▶ [SOURCE DATA]

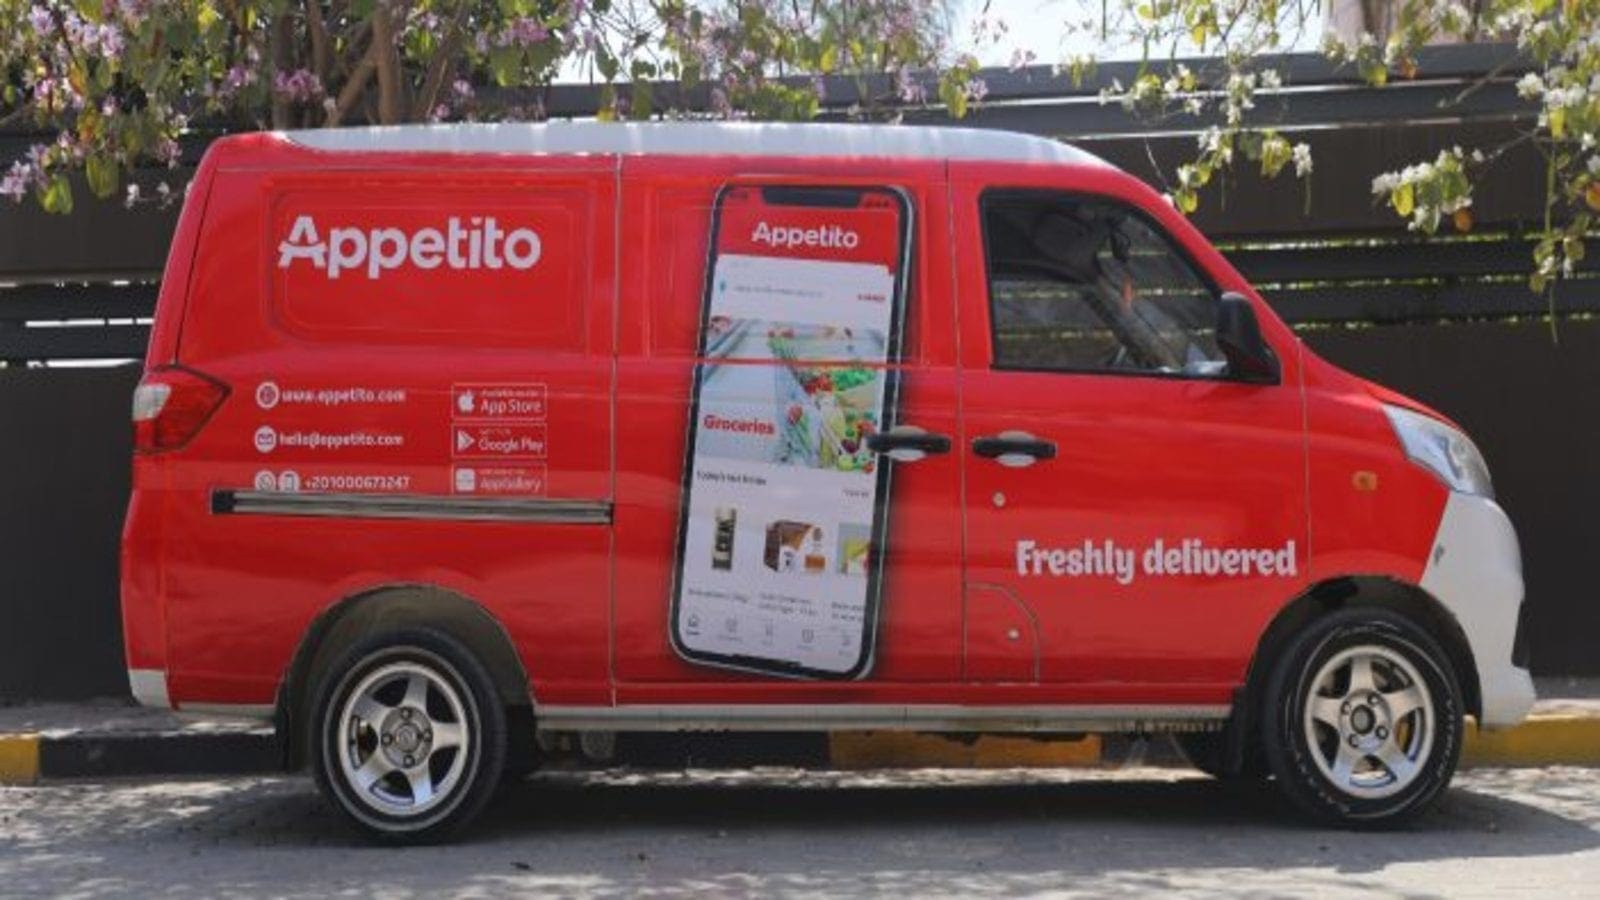 Egyptian grocery delivery startup Appetito raises funding for expansion
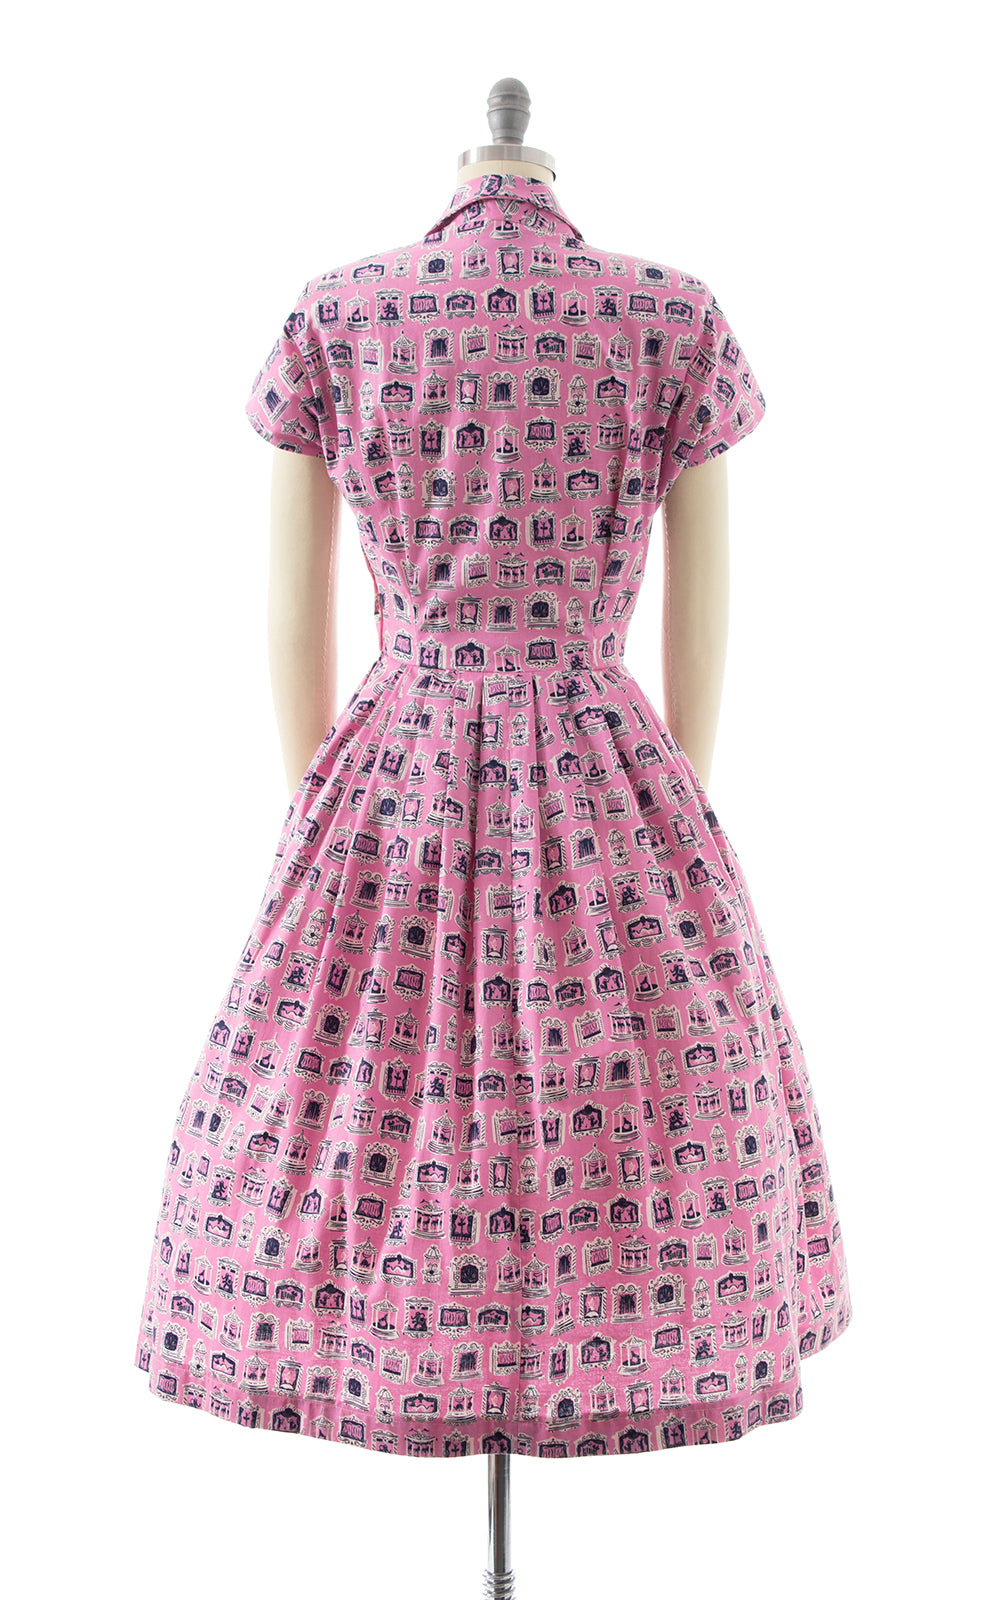 Modern VIVIEN OF HOLLOWAY 1950s Style Circus Novelty Print Dress with Pockets | small
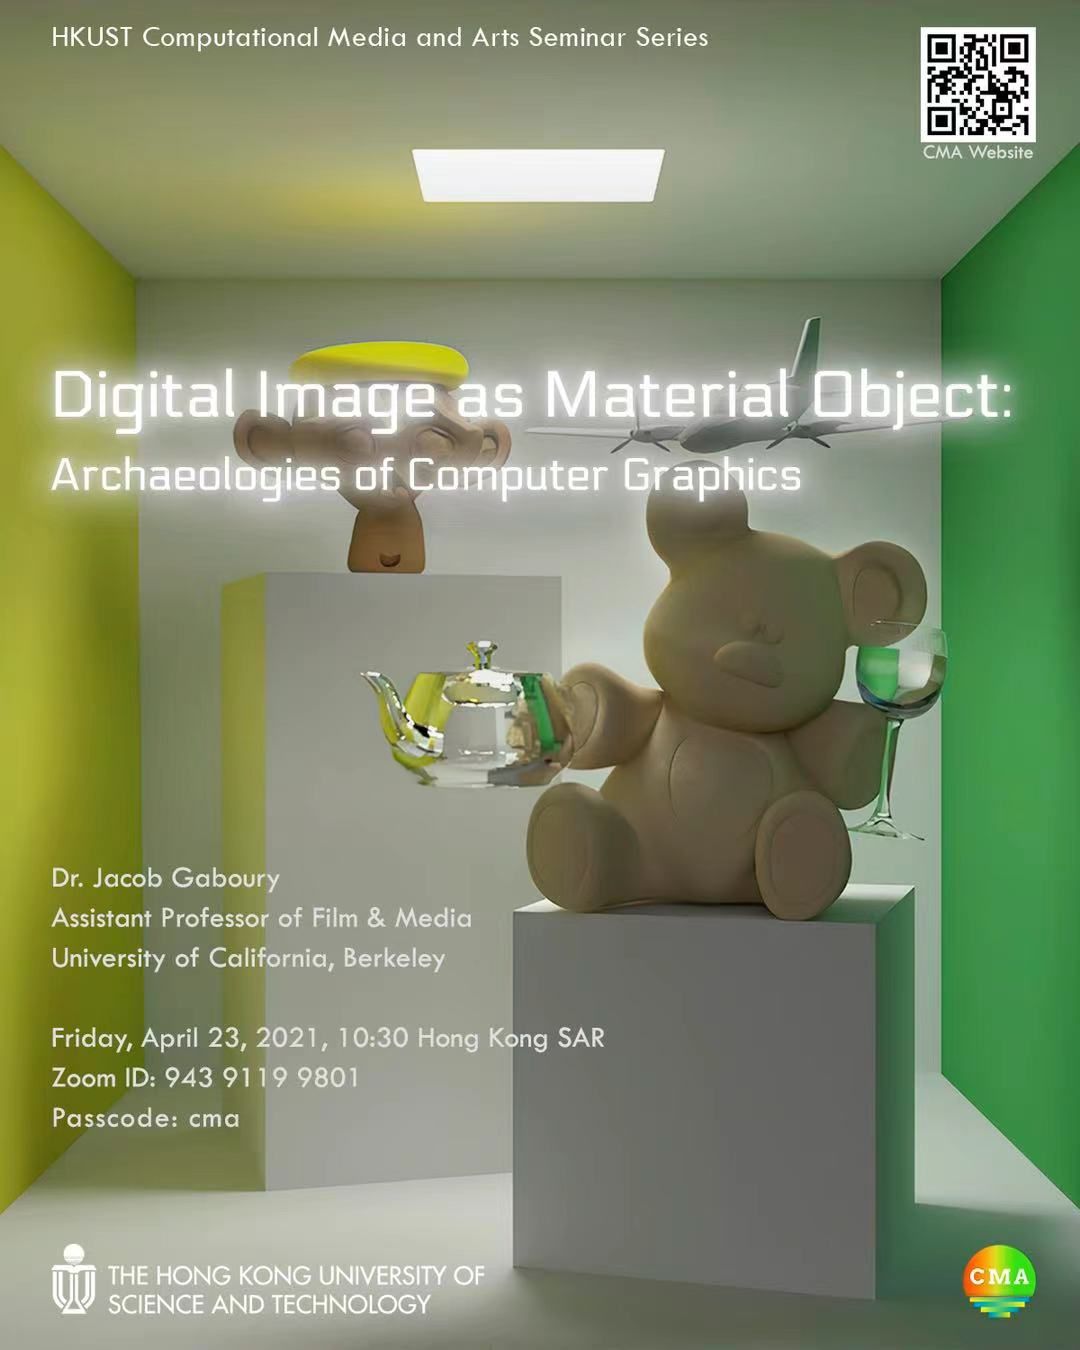 Digital Image as Material Object: Archaeologies of Computer Graphics
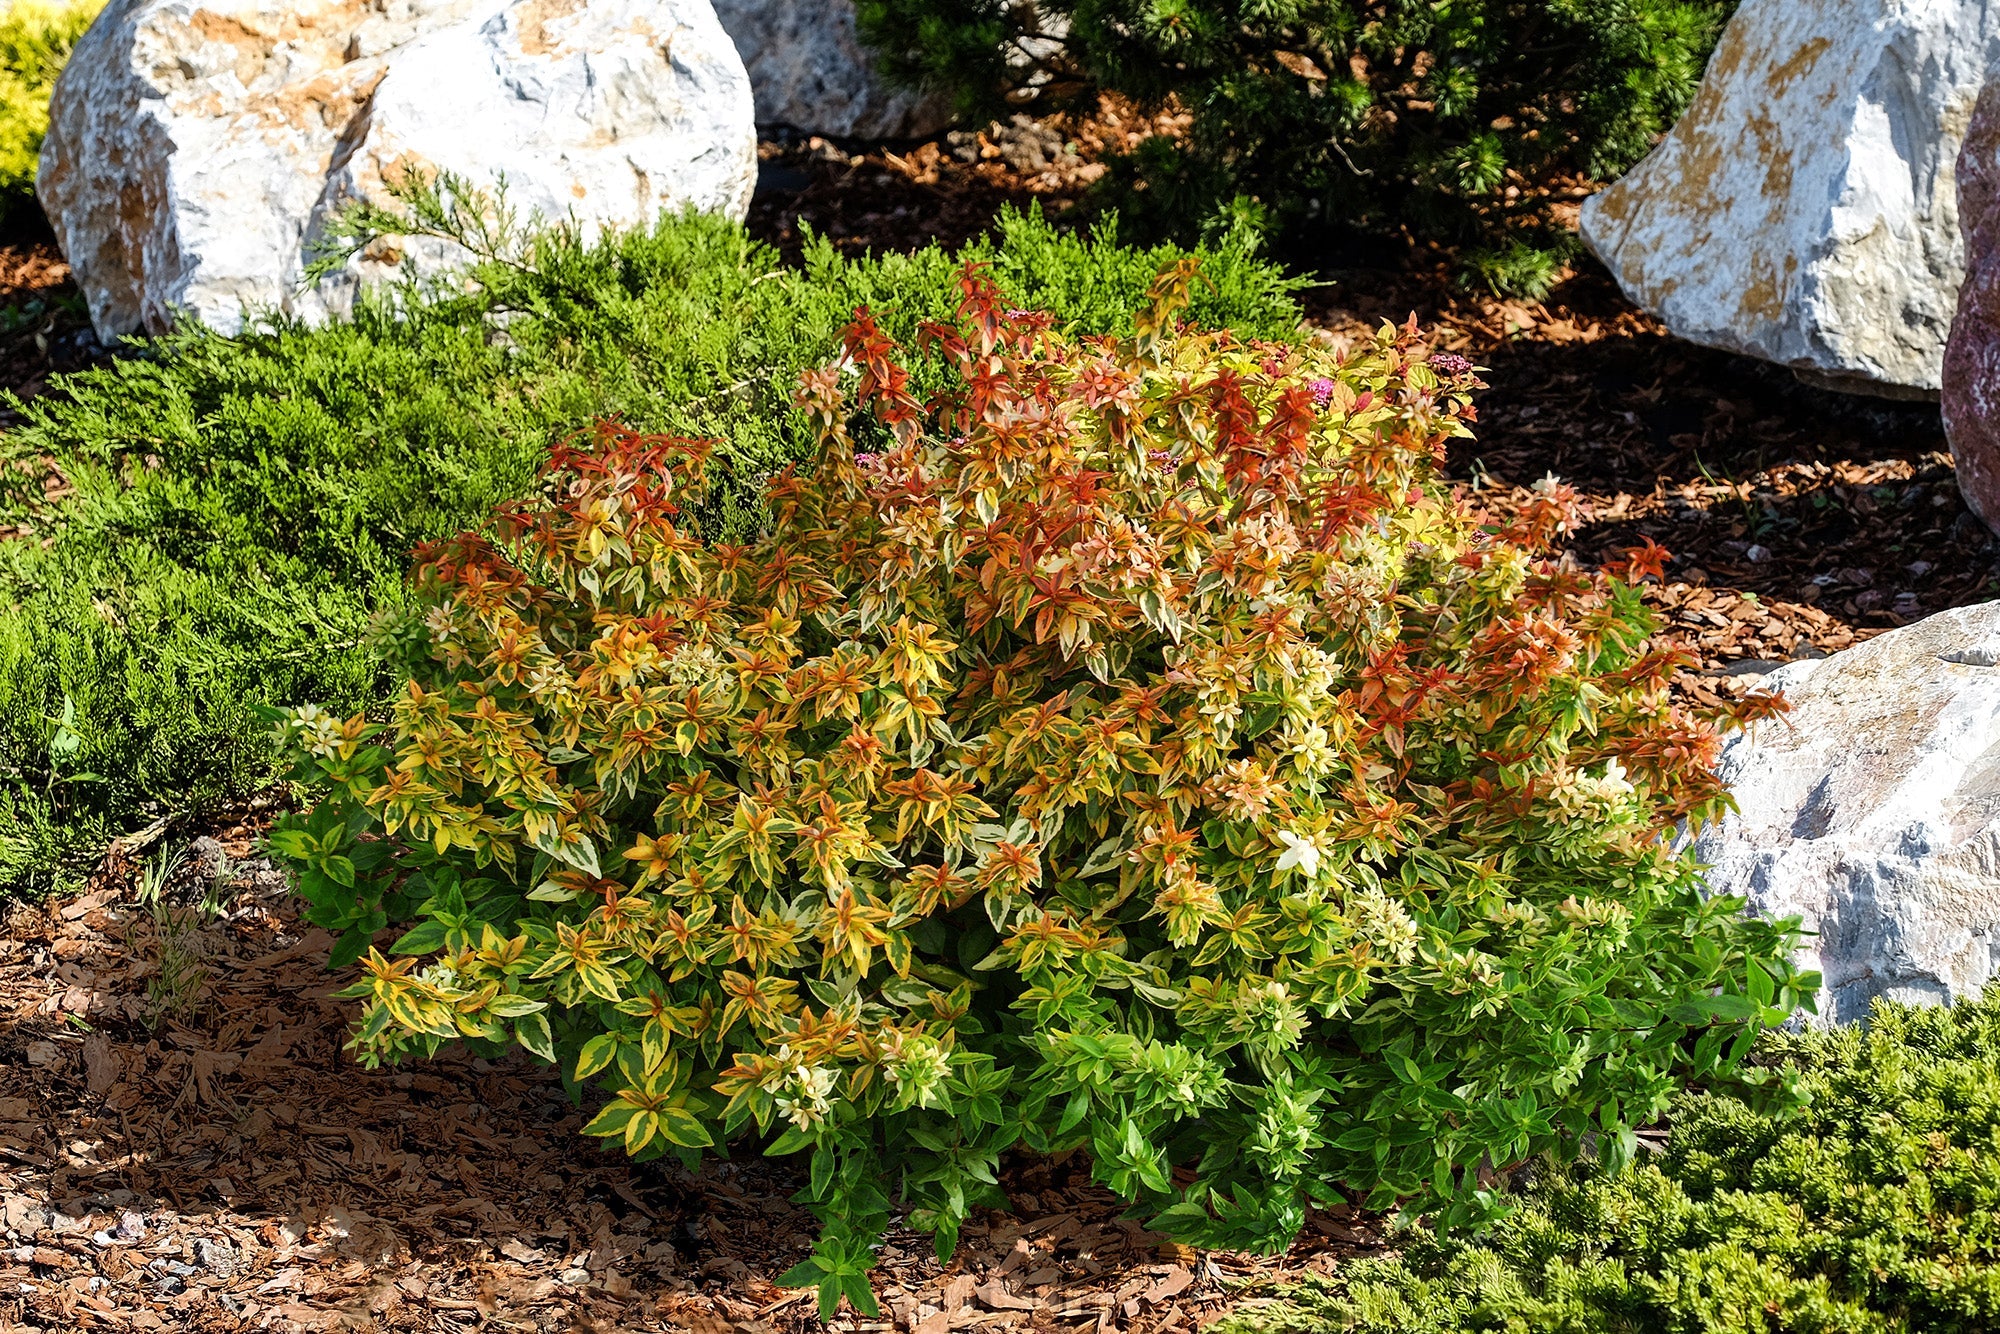 Even without blossoms, this Kaleidoscope  abelia's colorful foliage stands out surrounded by the textured garden design.

▶ [TASK DIRECTIONS] In this exercise, set down all of the data exactly, without the pictures.

▶ [SOLUTION]
 Egyptian grocery delivery startup Appetito raises funding for expansion
 Modern VIVIEN OF HOLLOWAY 1950s Style Circus Novelty Print Dress with Pockets | small
 Digital Image as Material Object: Archaeologies of Computer Graphics
 Even without blossoms, this Kaleidoscope  abelia's colorful foliage stands out surrounded by the textured garden design.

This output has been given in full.